Model Context Protocol (MCP) standardizes how large language models (LLMs) and AI applications or agents connect to outside data sources. MCP servers let you use their tools, resources, and prompts to take actions and get updated data from their backend service.

Local MCP servers typically run on your local machine and use the standard input and output streams (stdio) for communication between services on the same device. MCP servers run on the service's infrastructure and offer an HTTPS endpoint to AI applications for communication between the AI MCP client and the MCP server. For more information on MCP architecture, see MCP architecture.

Google and Google Cloud MCP servers have the following features and benefits:

  • Simplified, centralized discovery
  • Managed global or regional HTTPS endpoints
  • Fine-grained authorization
  • Optional prompt and response security with Model Armor protection
  • Centralized audit logging

For information about other MCP servers and information about security and governance controls available for Google Cloud MCP servers, see Google Cloud MCP servers overview.

You might use the BigQuery local MCP server for the following reasons:

  • You need to build a custom tool over a parameterized SQL query.
  • You don't have permissions to enable or use the MCP server in your project.

For more information about how to use our local MCP server, see Connect LLMs to BigQuery with MCP. The following sections apply only to the BigQuery MCP server.

Before you begin

  1. Sign in to your Google Cloud account. If you're new to Google Cloud, create an account to evaluate how our products perform in real-world scenarios. New customers also get $300 in free credits to run, test, and deploy workloads.
  2. In the Google Cloud console, on the project selector page, select or create a Google Cloud project.

    Roles required to select or create a project

    • Select a project: Selecting a project doesn't require a specific IAM role—you can select any project that you've been granted a role on.
    • Create a project: To create a project, you need the Project Creator role (roles/resourcemanager.projectCreator), which contains the resourcemanager.projects.create permission. Learn how to grant roles.

    Go to project selector

  3. If you're using an existing project for this guide, verify that you have the permissions required to complete this guide. If you created a new project, then you already have the required permissions.

  4. In the Google Cloud console, on the project selector page, select or create a Google Cloud project.

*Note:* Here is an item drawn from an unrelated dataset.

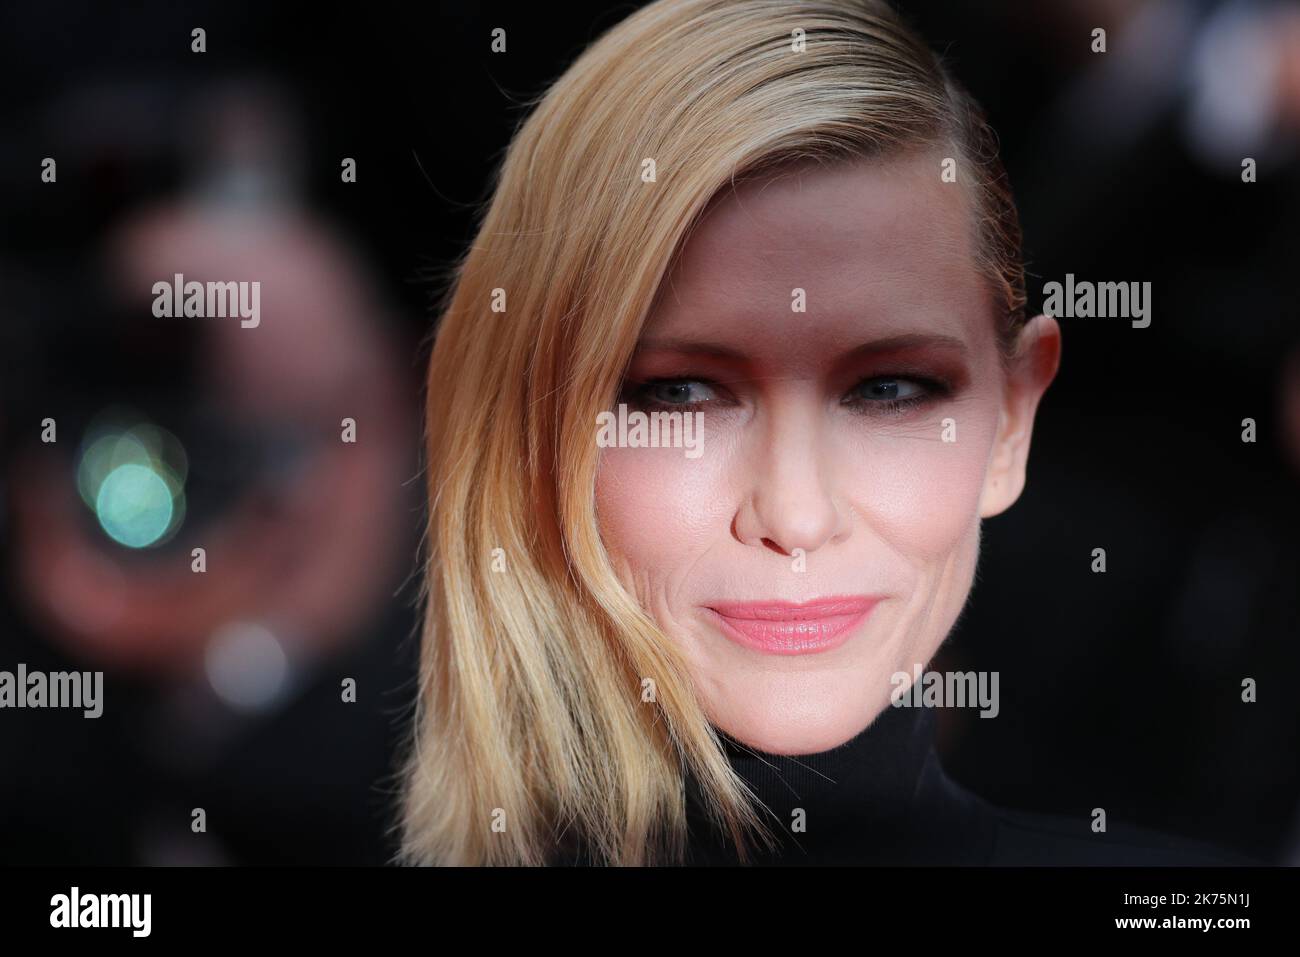 Cannes Film Festival 2018 - 71st edition - Day 7 - May 14 in Cannes, on May 14, 2018; Screening of the film 'BlacKkKlansman';  Cate Blanchett, Australian actress and President of the Jury . © Pierre Teyssot / Maxppp Stock Photo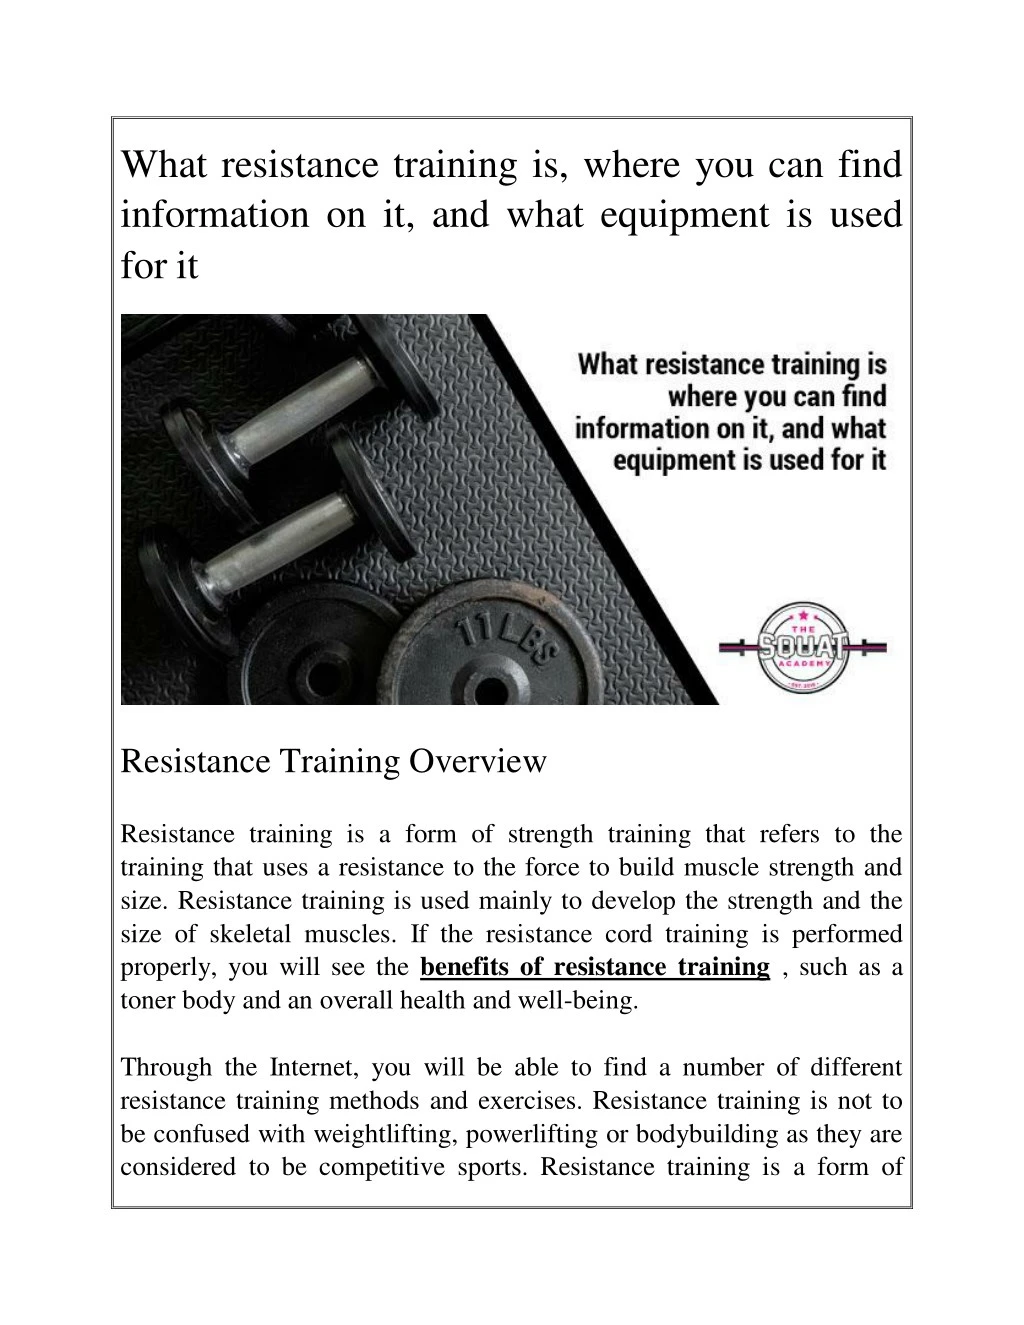 what resistance training is where you can find

    Roles required to select or create a project

    • Select a project: Selecting a project doesn't require a specific IAM role—you can select any project that you've been granted a role on.
    • Create a project: To create a project, you need the Project Creator role (roles/resourcemanager.projectCreator), which contains the resourcemanager.projects.create permission. Learn how to grant roles.

    Go to project selector

  5. If you're using an existing project for this guide, verify that you have the permissions required to complete this guide. If you created a new project, then you already have the required permissions.

  6. Enable the BigQuery API.

    Roles required to enable APIs

    To enable APIs, you need the Service Usage Admin IAM role (roles/serviceusage.serviceUsageAdmin), which contains the serviceusage.services.enable permission. Learn how to grant roles.

    Enable the API

    For new projects, the BigQuery API is automatically enabled.

  7. Optional: Enable billing for the project. If you don't want to enable billing or provide a credit card, the steps in this document still work. BigQuery provides you a sandbox to perform the steps. For more information, see Enable the BigQuery sandbox.

Required roles

To get the permissions that you need to enable the BigQuery MCP server, ask your administrator to grant you the following IAM roles on the project where you want to enable the BigQuery MCP server:

For more information about granting roles, see Manage access to projects, folders, and organizations.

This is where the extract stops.